How NOT To Break Your Violin Bow | Violin Lounge TV #221

by | Feb 25, 2016 | 0 comments

In my violin shop I sometimes throw away a trash can full of bows. Of course that’s a waste! That’s why I’m making this video: I want to explain how to keep your bow in a good state and enjoy it for many years. Therefore I would like you to avoid the 4 ways to demolish your bow…

1 Don’t tighten your bow too much

Even advanced players sometimes don’t know how to tighten their bows. A lot of people tighten their bow until the bow is straight and the distance between the wood and the hair is the same over the whole length. Actually this is a way to demolish your bow. It ruins the spring system and the shape you need to have in your bow.

The right way is to tighten the bow so that the distance between the wood (or carbon) and the hair is smaller in the middle of the bow. Your pinky should hardly be able to come between the wood and the hair. Based on your personal preference you can tighten it slightly more or less.

2 Don’t leave your bow in the case when it’s tightened (too much)

Some people don’t only tighten their bow too much, but they also save it in their case in that way. That’s a sure way to demolish your bow. Sometimes my clients haven’t played for a while and bring back their rented violin and when I open the case I see the bow tightened like it’s a ‘bow and arrow’ bow and not a violin bow… and it’s been that way for months. I’ve had to throw away the bow in many of these cases.

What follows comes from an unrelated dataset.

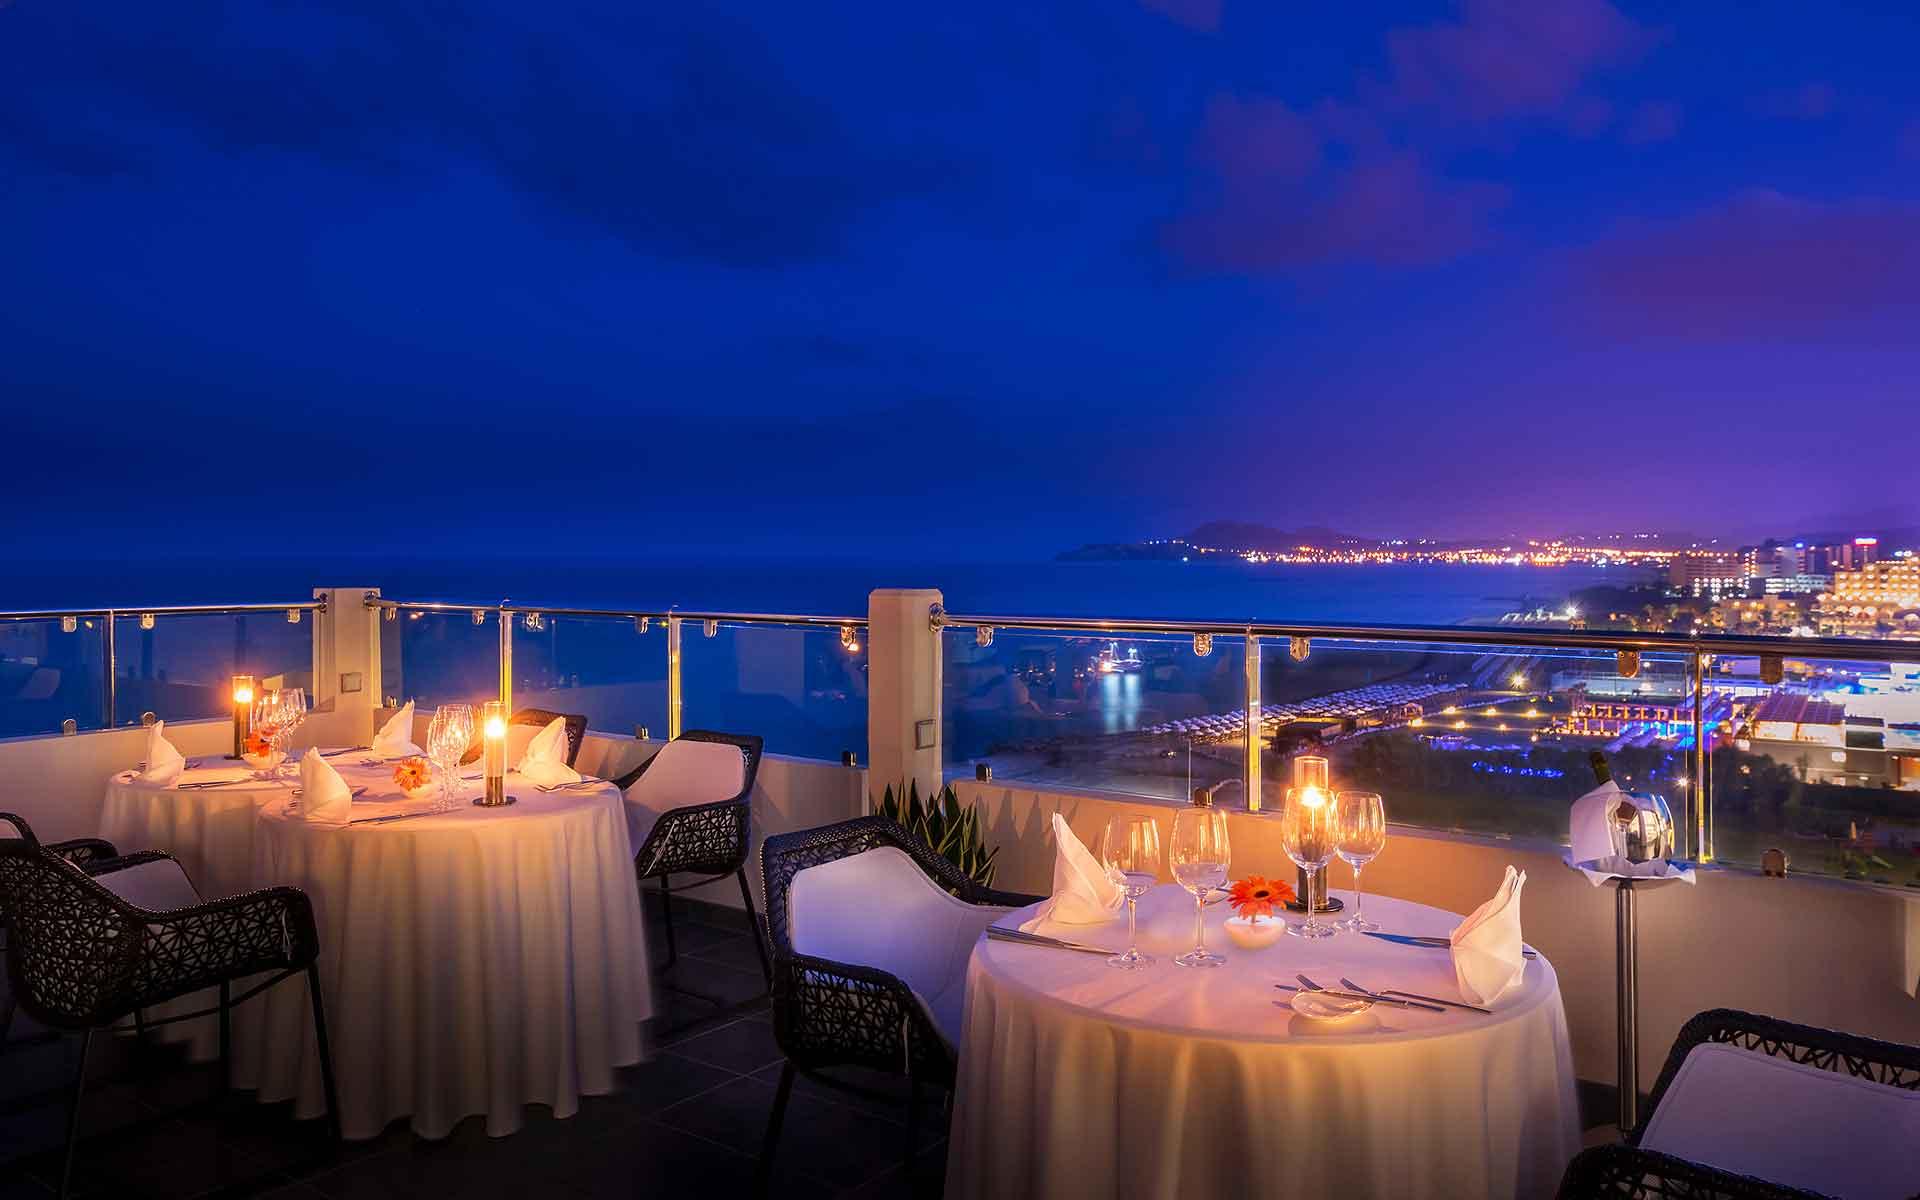 Noble_Gourmet_Restaurant_ELYSIUM_Rhodes_30

3 Don’t let your kid lean on the bow

For some reason violin playing kids tend to lean on their bow with the tip of the bow on the floor. The bow is very fragile at the tip and leaning on it can easily break it. A bow isn’t made to be a walking stick, so keep an eye on your kid when he/she practices.

4 Put your bow in the case the right way

This doesn’t happen as often as the other things, but some people tend to force the bow into the case the wrong way… for example with the hair up in a spot where the hair should be down. Just be careful and take a moment to figure out how the bow is meant to fit in the case. This can differ per case.

I hope I’ve saved your bow with these tips or at least given you some valuable information.

Are you looking for a good quality new bow? Check out Zlata’s own line of carbon fiber bows (click here!).

Is this video helpful to you? Please let me know in the comments below! If you like it, share it with your friends!

Love,

Zlata

PS: Do you have questions or struggles on violin or viola playing? Post a comment below or send an e-mail to info@violinlounge.com and I might dedicate a Violin Lounge TV episode to answering your question!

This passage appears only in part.